# Aftermarket taillights for 2003 Altima?



## Hutnik15 (Feb 12, 2004)

I would like to know if anyone makes a taillight for the 2003 Altima, that is either red, or maybe smoked, i have seen the 2005 lights but they still look like euro style lights, is there any way i can change this for a less transparent light? 

Thank You,
Hutnik15


----------



## Coco (Apr 30, 2002)

No one sells smoked tail lights yet. But you can search around to see who can smoke or tint them for you. You can also do it yourself.


----------



## andys (Nov 23, 2004)

*Smoke Tail Light Film - Not Spray*



Coco said:


> No one sells smoked tail lights yet. But you can search around to see who can smoke or tint them for you. You can also do it yourself.

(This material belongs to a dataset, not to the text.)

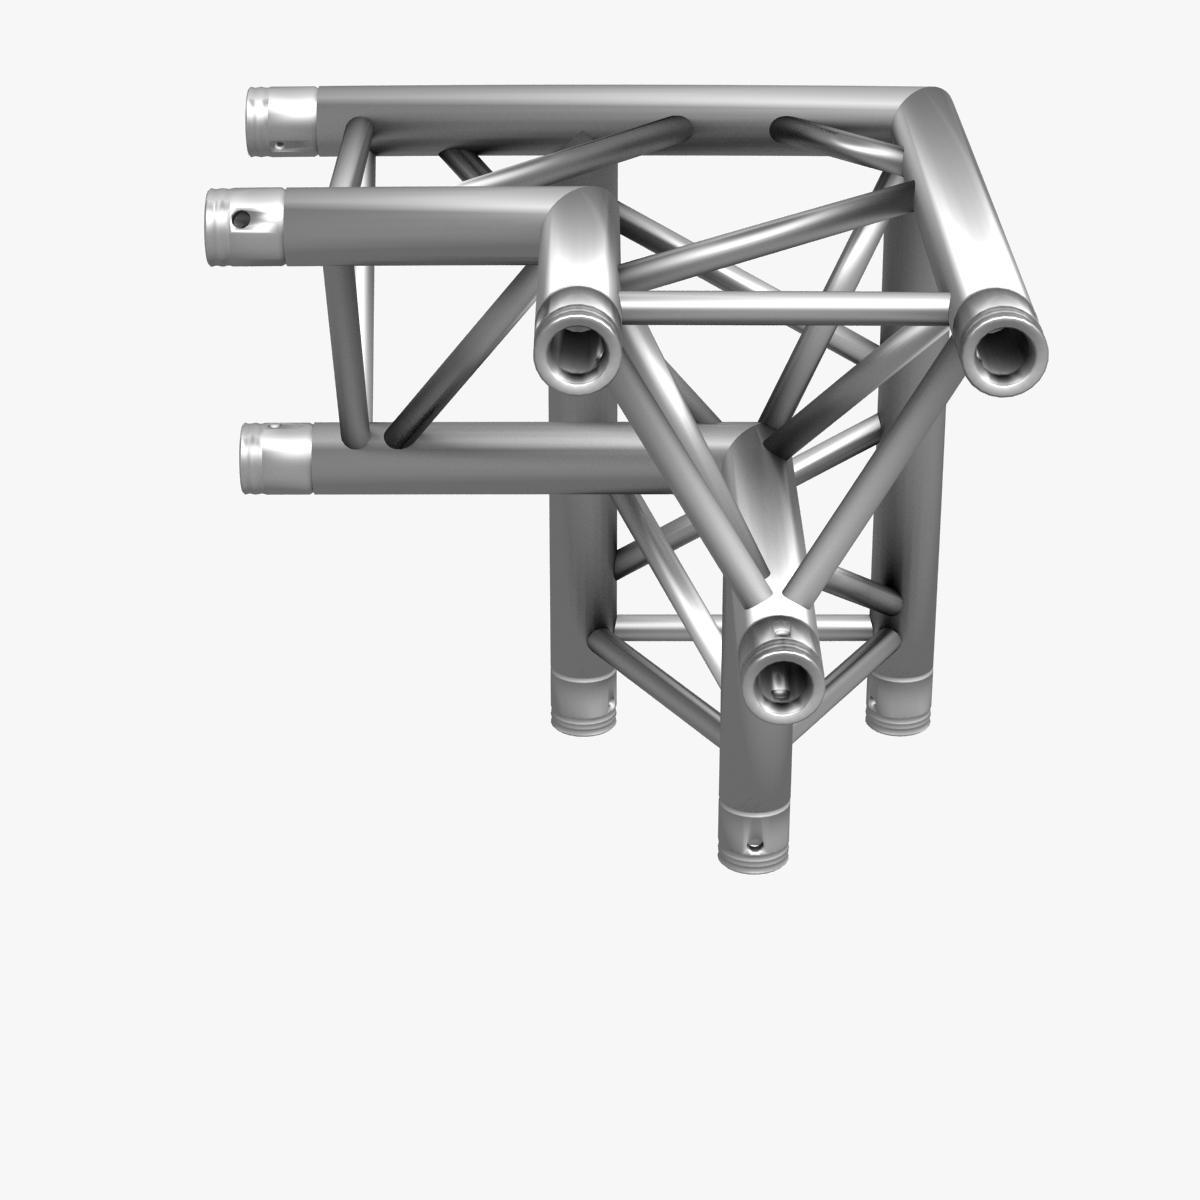 triangular trusses (collection 55 modular pieces) 3d model 3ds max dxf fbx c4d dae texture obj 216240

I carry the smoke film for headlights & Tail lights. You can buy the sheet and trim to fit for any make and model. You will find more info at
http://www.stickercity.com/store/customer/home.php?cat=494


----------



## Coco (Apr 30, 2002)

andys said:


> I carry the smoke film for headlights & Tail lights. You can buy the sheet and trim to fit for any make and model. You will find more info at
> http://www.stickercity.com/store/customer/home.php?cat=494


 Have you tested your film on 2002+ Altimas? Another company that sells film says it is hard to install on Altimas because of the round shape of the tail lights. Can you confirm? Also, do you have any pictures of Altimas with this smoke film installed?


----------



## Coco (Apr 30, 2002)

www.customenterprise.com also sells aftermarket tail lights.


----------



## BII (May 13, 2004)

This is spray-on, might be easier to get on round lights.


----------



## SPEEDO (Jun 9, 2003)

the tail lights on the SE-R are smoked


----------



## pete? (Jul 6, 2004)

bII said:


> This is spray-on, might be easier to get on round lights.

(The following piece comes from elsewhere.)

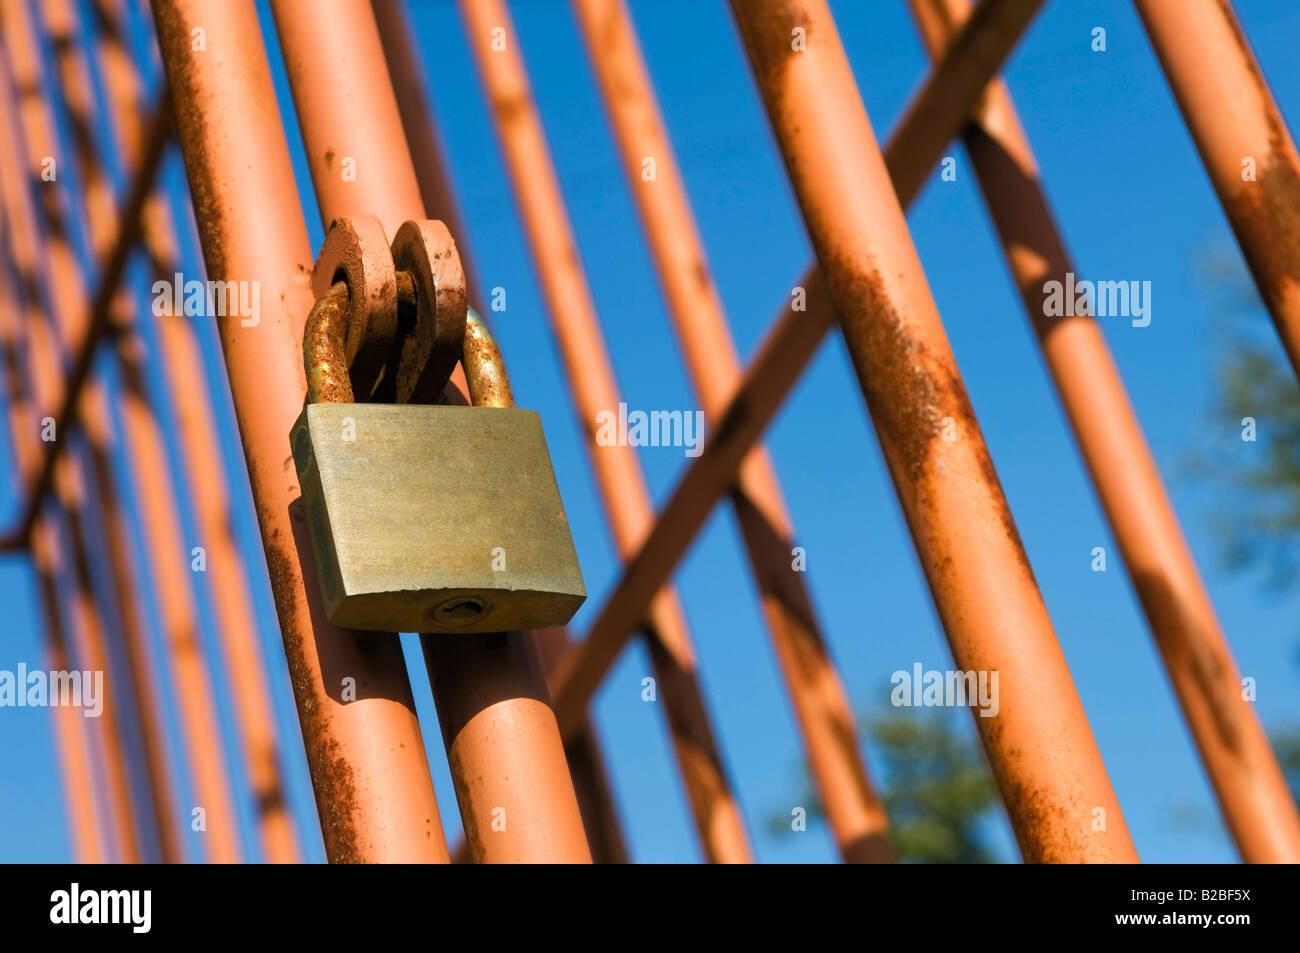 Rusty cage door with padlock & Rusty cage door with padlock Stock Photo Royalty Free Image ... Pezcame.Com

i would say to stay away from the spray on a rounded surface. on sentra lights im sure its rather easy becuase they are for the most part flat. but the altima has those rounded eges and with a spray it can be uneven, then your lights will be blotchy when you hit the brakes. i say the best way to go is to try useing that film and try to use a heat gun to mold it to the shape


----------